# Is it possible to check baseboard heater without supply wires and thermostat?



## vikasintl (Sep 21, 2012)

Without connecting thermostat or supply wires..how can I just check the heater if its working...  ...is there any way we can check using ohmmeter ...(resistance)...

if yes...please explain how...

if its not possible to check without power supply to it...please explain how to connect power to it..without involving thermostat.


----------



## JoeD (Sep 21, 2012)

Put the ohm meter across the two wires from the heater and see if there is continuity. You might even be able to find out what the resistance should be by checking the manufactures sight. If not then watts divided by volts should give you a rough idea of what it should be.
If the last test checks out then you should test from each line to ground. It should be open with no connection.


----------



## vikasintl (Sep 21, 2012)

Clarification...which two wires I should check ? two wires from the heater means one element wire and other wire in wireway or one end of element to other end of element?

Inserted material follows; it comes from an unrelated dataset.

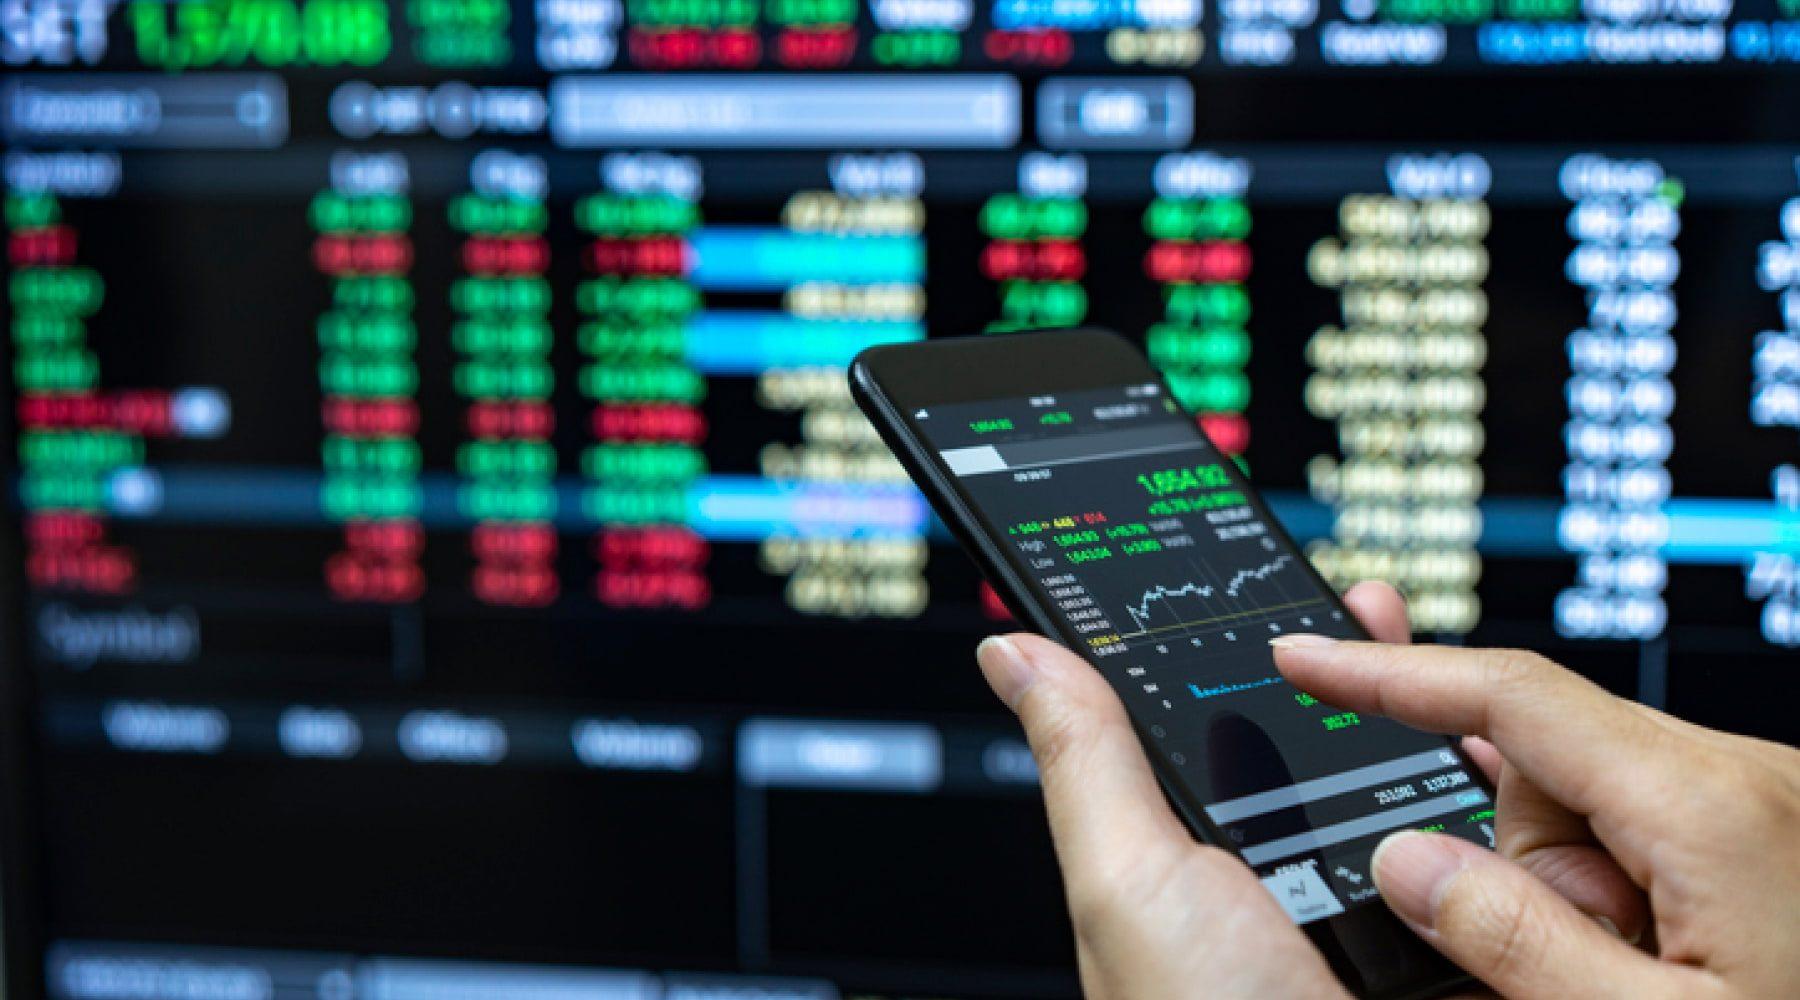 10 stocks to watch as Jeff Bezos exits Amazon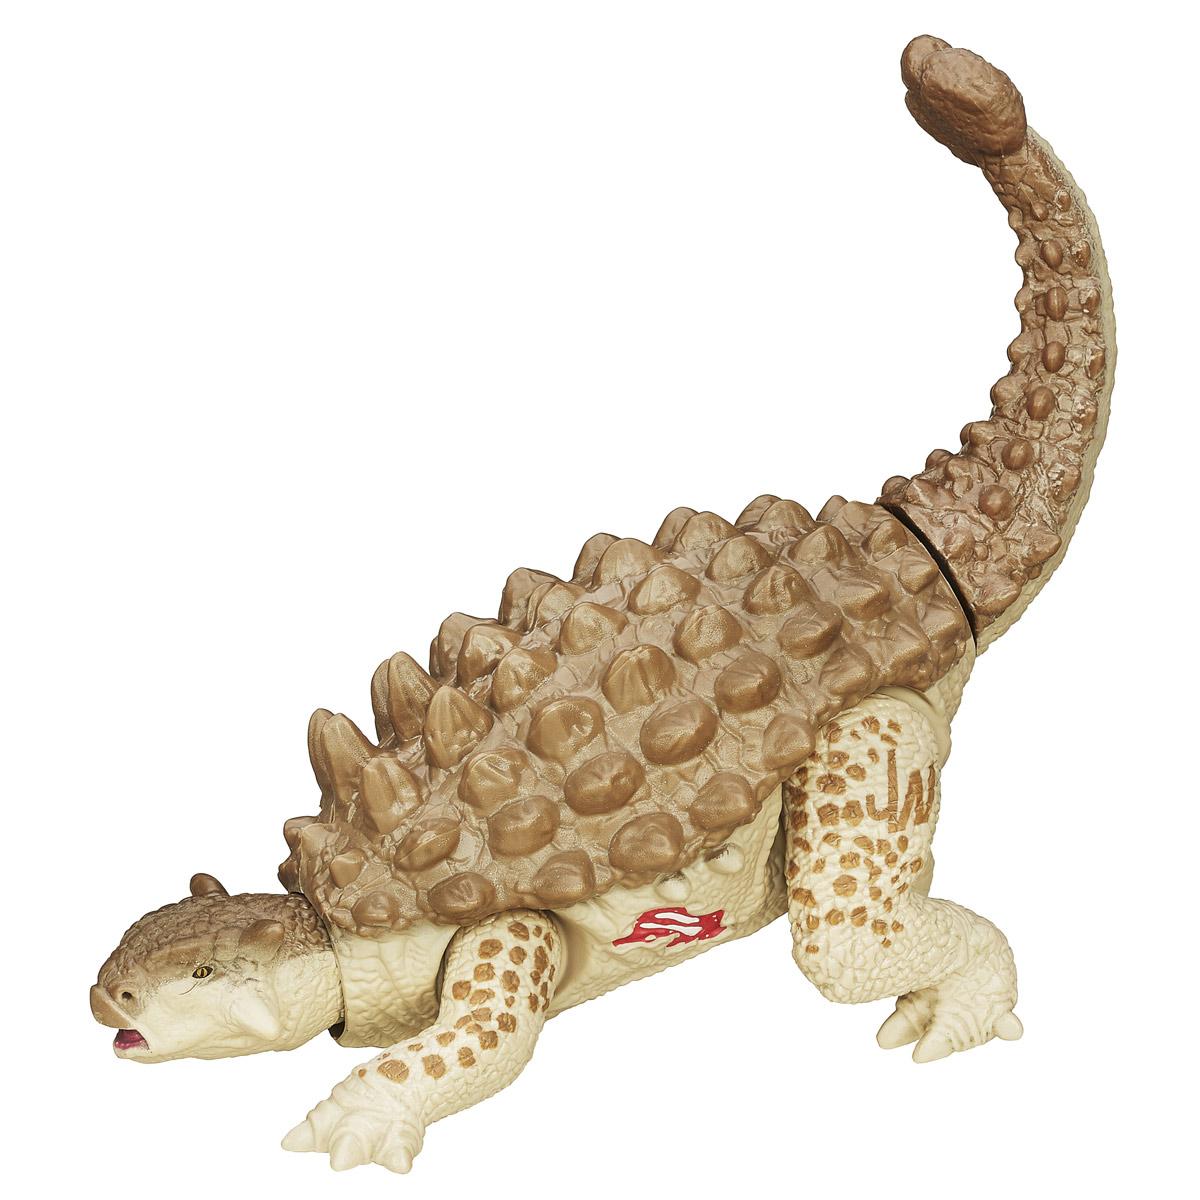 Фигурка Jurassic World AnkylosaurusB1271_B1273_ANKYLOSAURUSФигурка динозавра Jurassic World Ankylosaurus непременно понравится вашему ребенку! Огромный доисторический ящер у вас дома - теперь это реальность. Что может быть лучше в качестве подарка для ребенка или поклонника культового фильма Парк Юрского периода? Фигурка обладает отличной детализацией и сохранением пропорций тела динозавра. Игрушка изготовлена из безопасных и надежных материалов, на высоком уровне имитирующих особенности кожи древних ящеров. Верхние и нижние конечности фигурки двигаются. При движении хвостом рептилия также выдвигает голову на подвижной шее. Голова также поворачивается в стороны. Ваш ребенок часами будет играть с фигуркой, придумывая различные истории. Порадуйте его таким замечательным подарком!

also how which line I should check to ground? element wire and other heater wire which is in wireway?


----------



## Wuzzat? (Sep 21, 2012)

If there is heater element continuity then checking either end of the heater to ground is enough.

If you know the heater rated voltage and rated power in watts then the element hot resistance is (V^2)/P and the cold resistance as measured by an ohmmeter is within a few percent of this value.


----------



## vikasintl (Sep 23, 2012)

Wuzzat? said:


> If there is heater element continuity then checking either end of the heater to ground is enough.
> 
> If you know the heater rated voltage and rated power in watts then the element hot resistance is (V^2)/P and the cold resistance as measured by an ohmmeter is within a few percent of this value.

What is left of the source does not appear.